Trinidad González, Jorge Becker y Mariana Muñoz, actores de la compañía TEATRO EN EL BLANCO, durante la interpretación de Neva, pieza dramática escrita y dirigida por Guillermo Calderón.
Trinidad González, Jorge Becker y Mariana Muñoz, actores de la compañía TEATRO EN EL BLANCO, durante la interpretación de Neva, pieza dramática escrita y dirigida por Guillermo Calderón.
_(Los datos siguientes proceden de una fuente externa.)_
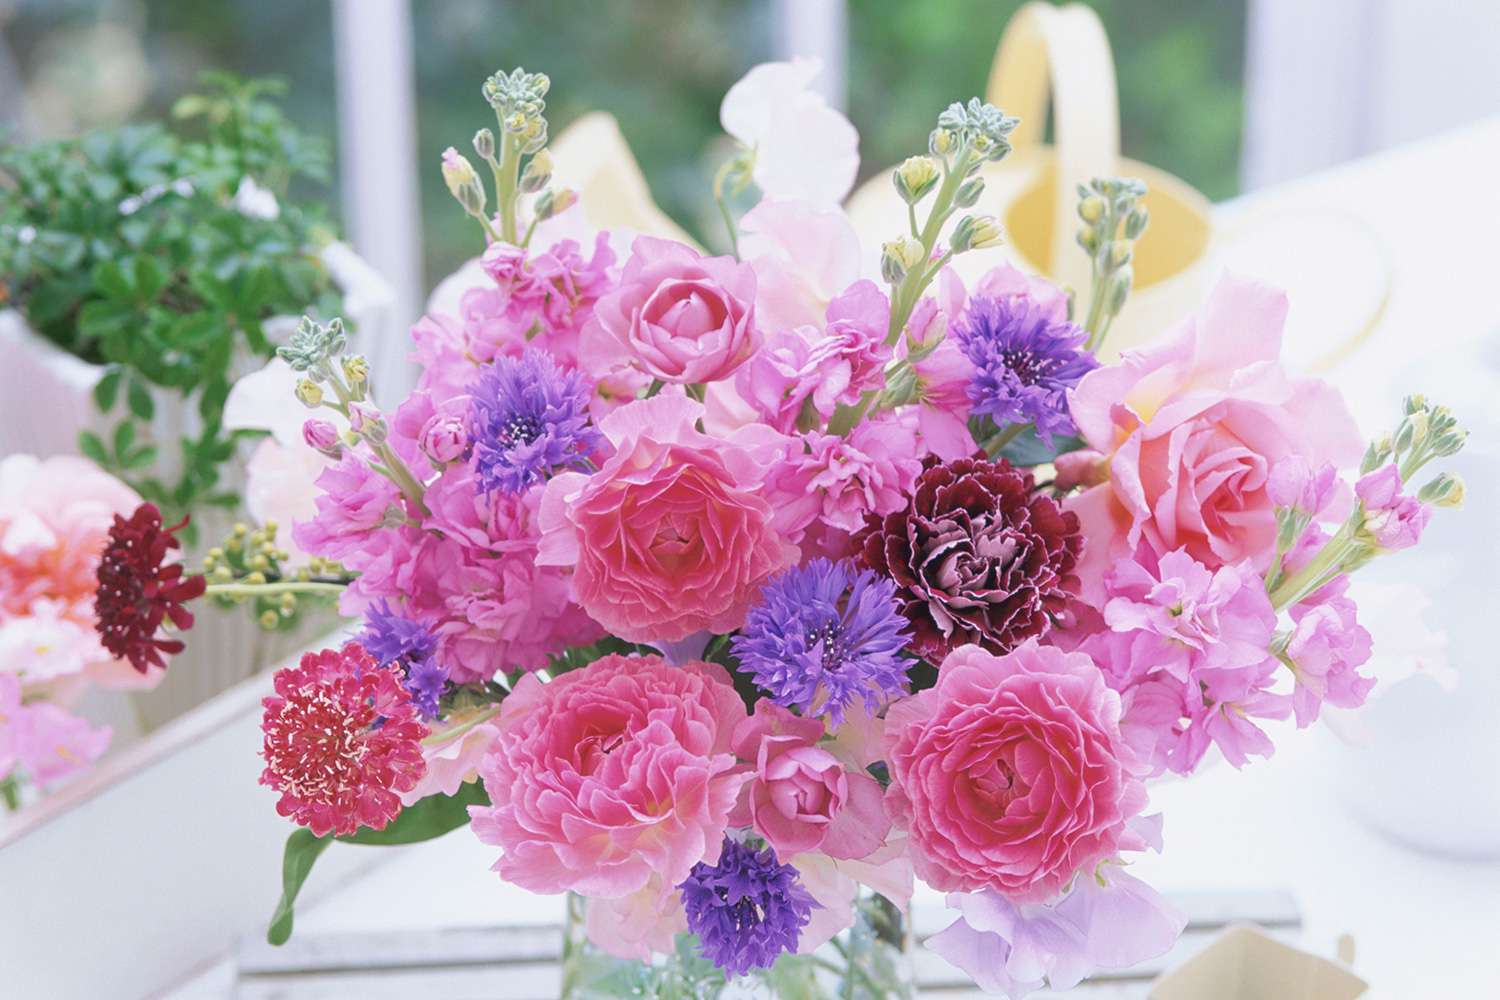 Popular Flower Arrangements for Festive Occasions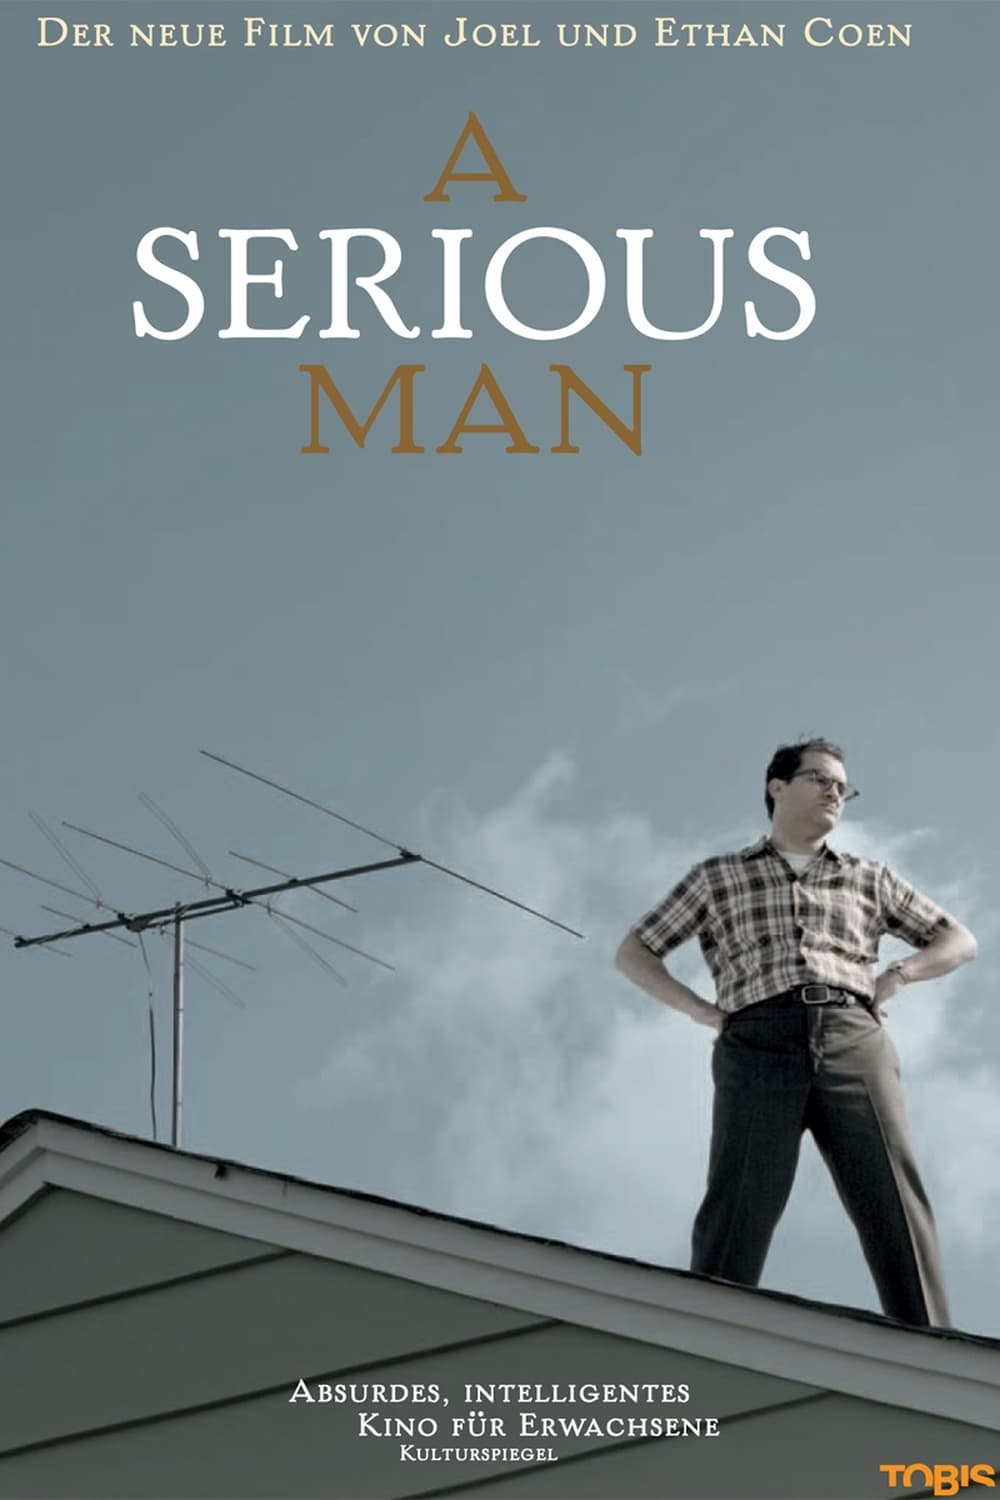 Plakat von "A Serious Man"

Las obras del dramaturgo chileno Guillermo Calderón (Chile, 1971) presentan el borrador de aquello que yo hubiera querido forzarme a ser: algo más que una promesa. Cuando vi dos de sus puestas en escena, “Neva” y “Diciembre”, durante un festival de teatro en La Habana, comprendí que “la política puede ser también escuchar. Y nos falta tal vez una práctica de la escucha política” –como dice Roland Barthes en “¿Para qué sirve un intelectual?”–. Porque la política es también negación de la política que siempre escuchamos. Al salir de aquellas dos puestas, sentí que algo estaba inacabado, en un proceso para un después que no existió. Otras personas doblaban sus cuerpos hacia el suelo, doblegando sus cabezas supongo que, comparando lo que los involucraba, a pesar del tiempo transcurrido entre las historias contadas y el presente, a pesar de las distancias geográficas, a otros días que eran los mismos aquí o allá –como si tuviéramos a la Revolución rusa de vuelta en nuestras calles, y los despojos de aquel hombre, aplastado por su fuerza, fuéramos nosotros.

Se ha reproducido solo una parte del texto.